Bose-Einstein condensatie in Nederland
Quantummechanica met menselijke proporties
Albert Einstein voorspelde in 1924 een nieuwe vorm van materie. Die zou ontstaan als een gas zou worden afgekoeld tot minder dan een miljoenste graad boven het absolute nulpunt. In 1995 lukte het de Amerikanen Carl Wieman en Eric Cornell, met onmiskenbare schatplichtigheid aan het werk van de Nederlandse onderzoeksgroepen van Jook Walraven en Boudewijn Verhaar, zo'n Bose-Einstein condensaat te maken. Sindsdien verschijnt iedere anderhalve dag een nieuwe publicatie over BEC. Ook in Nederland is het spannend aan het BEC-front.
De vorming van een Bose-Einstein condensaat is een faseovergang, zoals de vorming van een waterdruppel uit een wolk waterdamp. Cruciaal verschil is dat er geen intermoleculaire interactie voor nodig is. Het is een zuivere quantumeigenschap van een gas. Alle atomen in een BEC zitten in één en wel het allerlaagst mogelijke energieniveau. Daardoor heeft het uiterst merkwaardige eigenschappen.
In de eerste plaats zijn de atomen als zodanig onderling niet te onderscheiden. Niet alleen in de zin dat ze identiek zijn en dezelfde snelheid hebben, maar, verontrustend genoeg, zoals Wieman het uitdrukt, letterlijk, omdat ze dezelfde ruimte innemen. Ze zijn gefuseerd tot een soort 'superatoom'.

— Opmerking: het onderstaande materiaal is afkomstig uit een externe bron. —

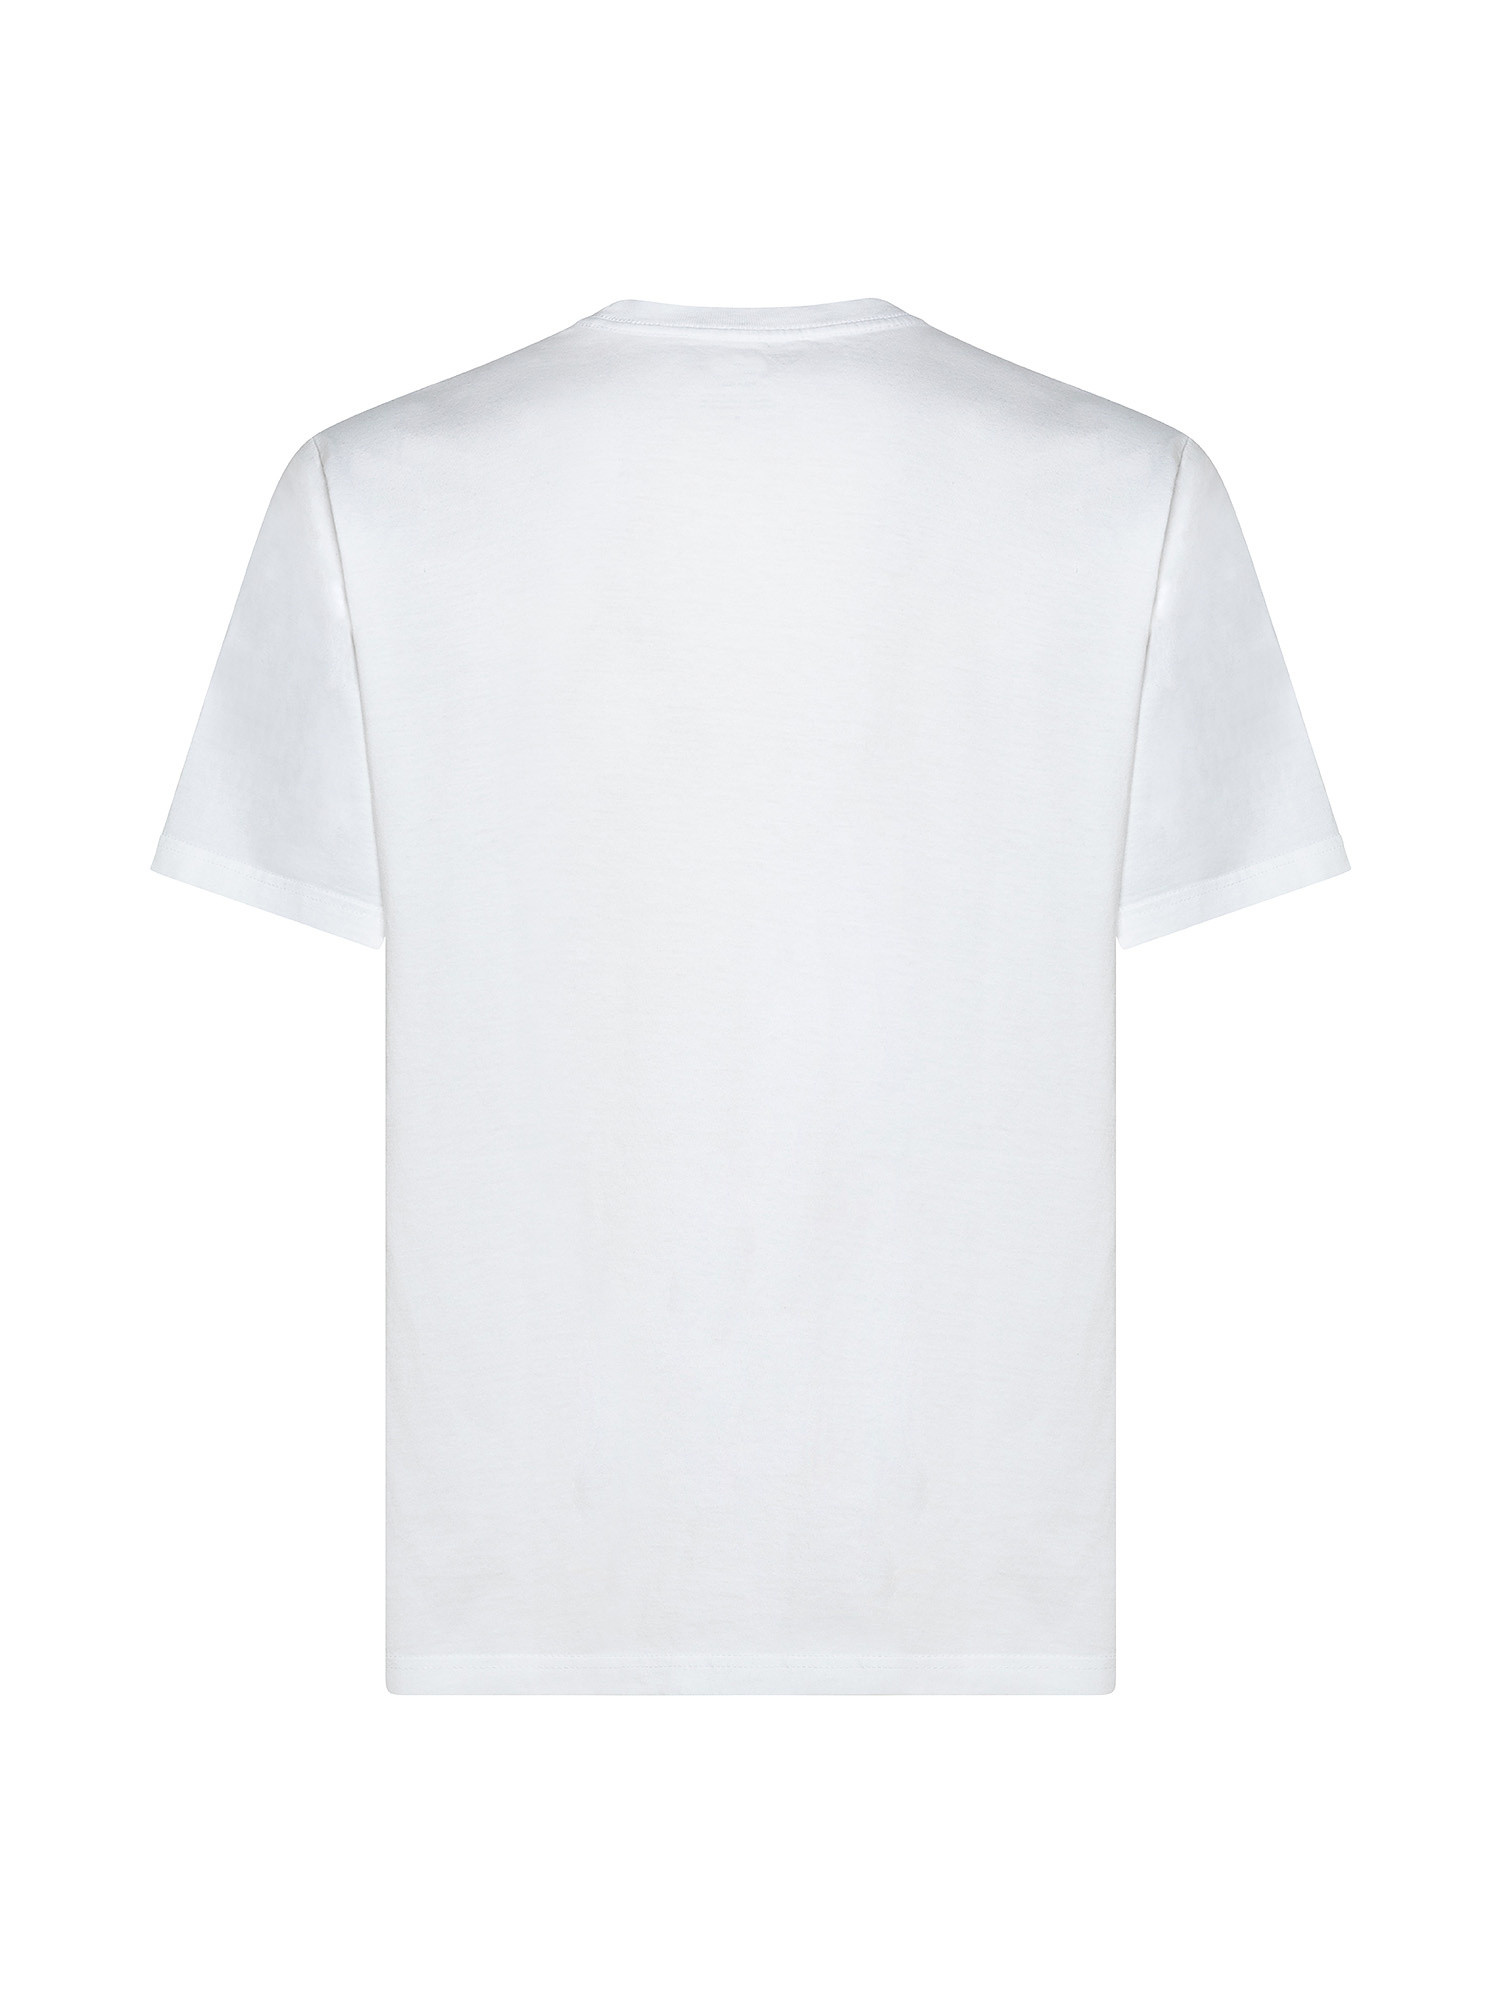 Graphic Tee, White, large image number 1

In de tweede plaats is een BEC groot genoeg om gemakkelijk zichtbaar te maken en te manipuleren, maar gedraagt het zich helemaal quantummechanisch. Normaal gesproken manifesteert het onbevattelijke golfkarakter van materie zich slechts op de volstrekt onzichtbare schaal van de deeltjes in een atoom. Nu heerst het op een schaal van miljoenen atomen, samen zo dik als een mensenhaar!
Absoluut fascinerend zijn de plaatjes van experimenten waarin onderzoekers twee Bose-Einstein condensaten laten interfereren. Keurige patronen van licht en donker, van 'buiken' en 'knopen', plaatsen waar de 'golven' elkaar versterken en waar ze elkaar uitdoven. 'Maak de golffuncties van je dromen!', adverteert Wieman graag in één van z'n sheets tijdens presentaties. Een bizar idee, met miljoenen atomen, maar hij laat zien dat het kan. 'Bose-Einstein condensatie heeft de quantummechanica menselijke proporties gegeven. Dat is de fundamentele reden waarom fysici er zo enthousiast over zijn', gelooft hij.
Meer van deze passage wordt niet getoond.